The N Files

THE MIRRORED LITURGY

Purpose

The objective of THE MIRRORED LITURGY is the establishment of a ritual architecture for secure, high-availability containment, executed via Red Hat Enterprise Linux 9.3 (codename: Redhood-Phlogiston). The system comprises two consecrated nodes in cluster formation, bound by Corosync and Pacemaker, which jointly officiate over a sanctified NFS export accessible through a floating IP address (hereafter: the Witness Address).

Data fidelity between officiants is maintained through DRBD — a mirrored invocation protocol known to occasionally emit audible weeping on failed syncs.
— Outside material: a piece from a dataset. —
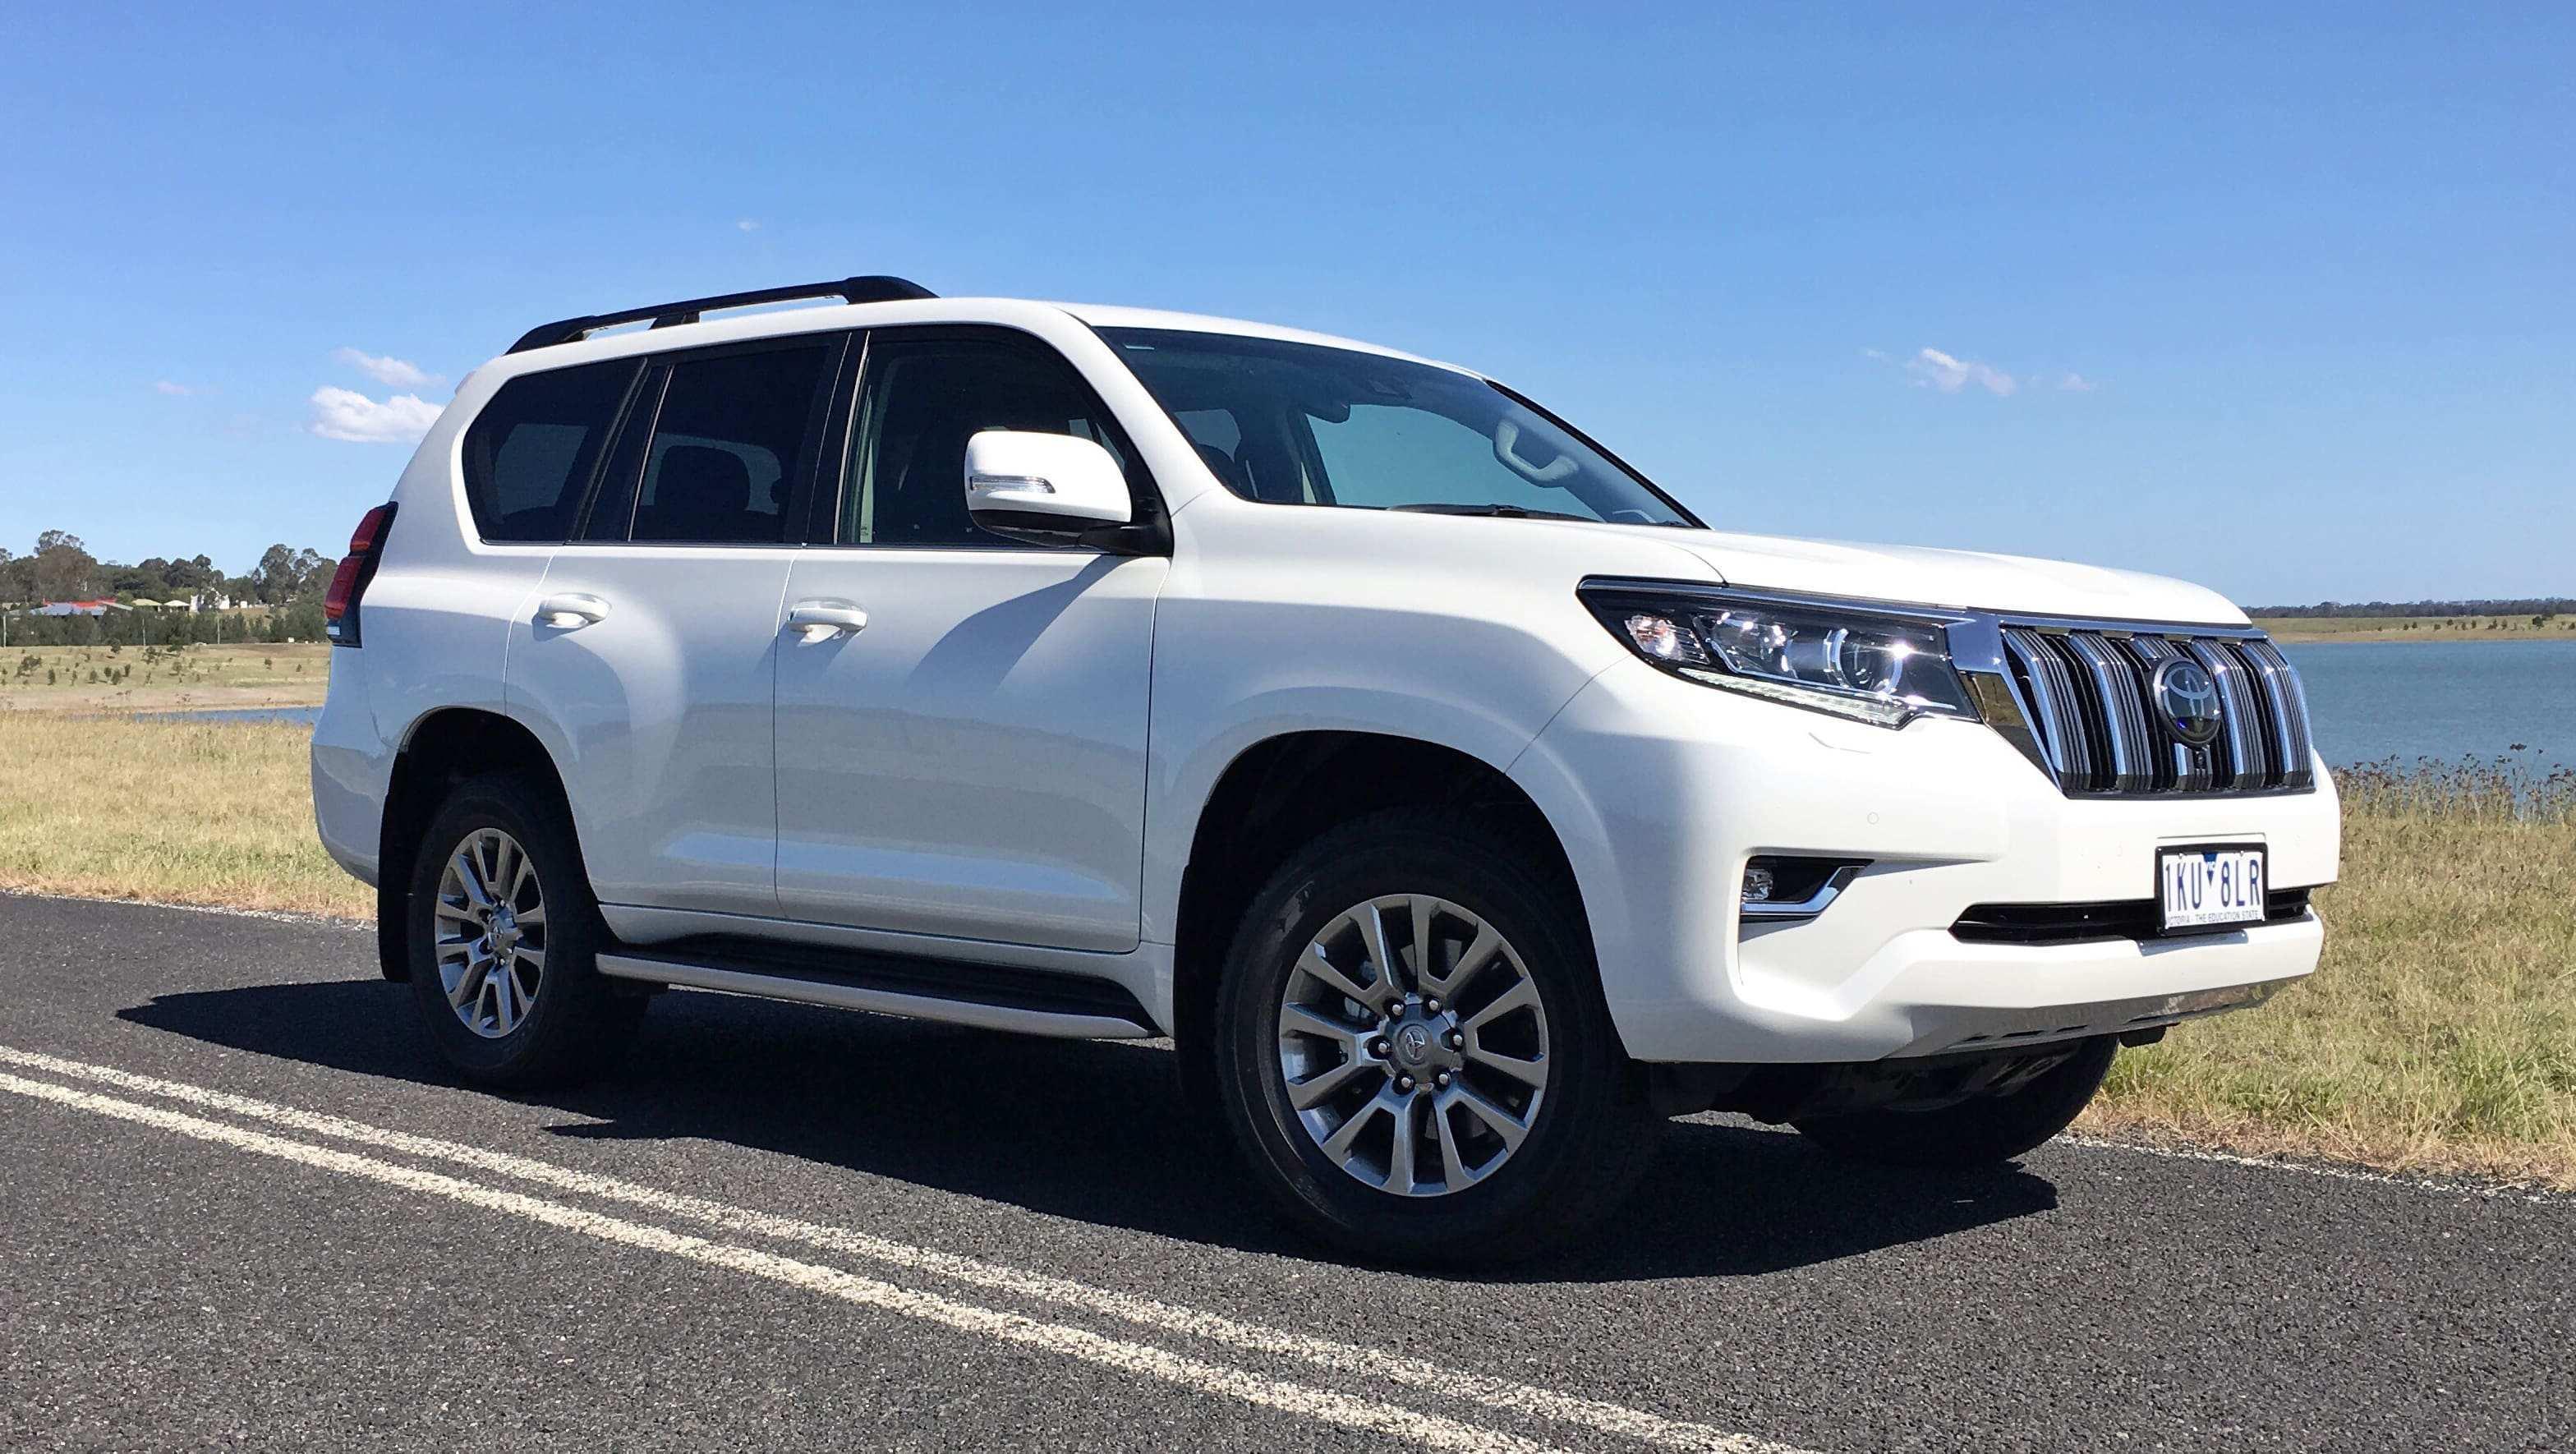 39 All New Toyota Prado 2019 Australia Performance with Toyota Prado 2019 Australia
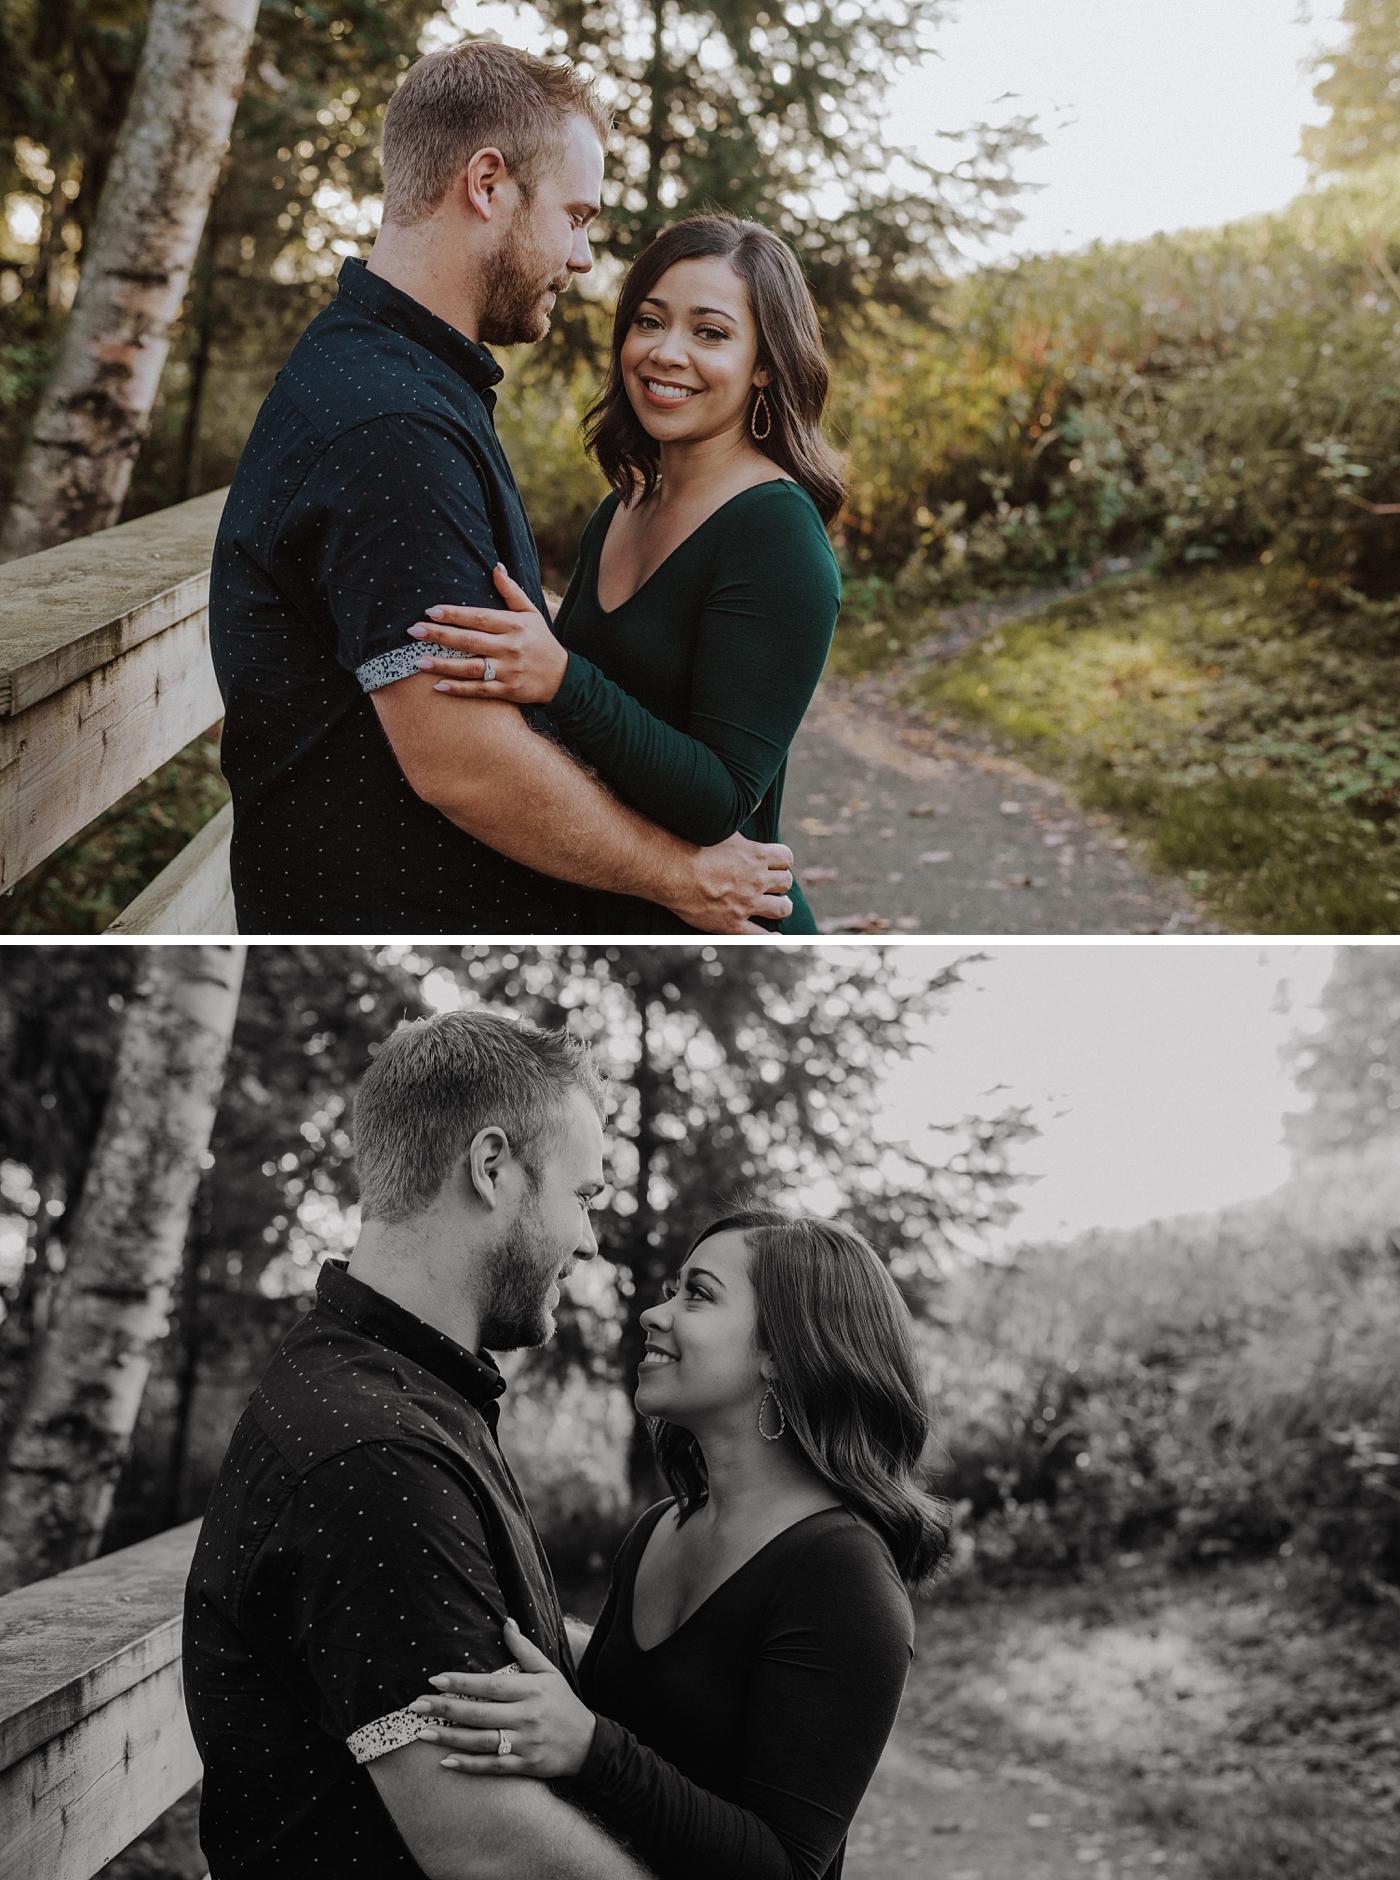 Romantic-Greenery-Engagement-Photography_0005.jpg

Replication is synchronous, redundant, and best not interrupted unless you enjoy ghosts in your journaling layer.

Each node is backed by hardware RAID5 arrays, abstracted through MD devices. Logical Volume Management (LVM) is grafted onto these like a second nervous system, supporting flexible partitioning and easier ritual exorcisms.

Encrypted Volumes (blessed and sealed)

Root /
/var
/home

All volumes are encrypted using LUKS and unlocked automatically via TPM2-bound keys — ensuring unattended boot with the blessing of the machine’s soul, and without intervention from human clerics. This removes the need for mortal passphrase entry at startup and fulfills the minimum requirements for autonomous resurrection compliance.

The shared storage area exported via NFS is separately encrypted via an alternative, undocumented (and possibly heretical) method. This technique is outside the scope of this rite but is believed to involve a compact disc, a blowtorch, and cryptsetup in verbose mode.

Node Isolation Protocol (STONITH)

In the event of ritual degradation or node betrayal, STONITH (Shoot The Other Node In The Head) is executed via legacy HP iLO interfaces. These are contacted through a customized OpenSSH 9.6p1 client (hand-forged against OpenSSL 3.2.0), living in /var/lib/pacemaker. This dark artifact was required to maintain compatibility with firmware relics predating coherent TLS.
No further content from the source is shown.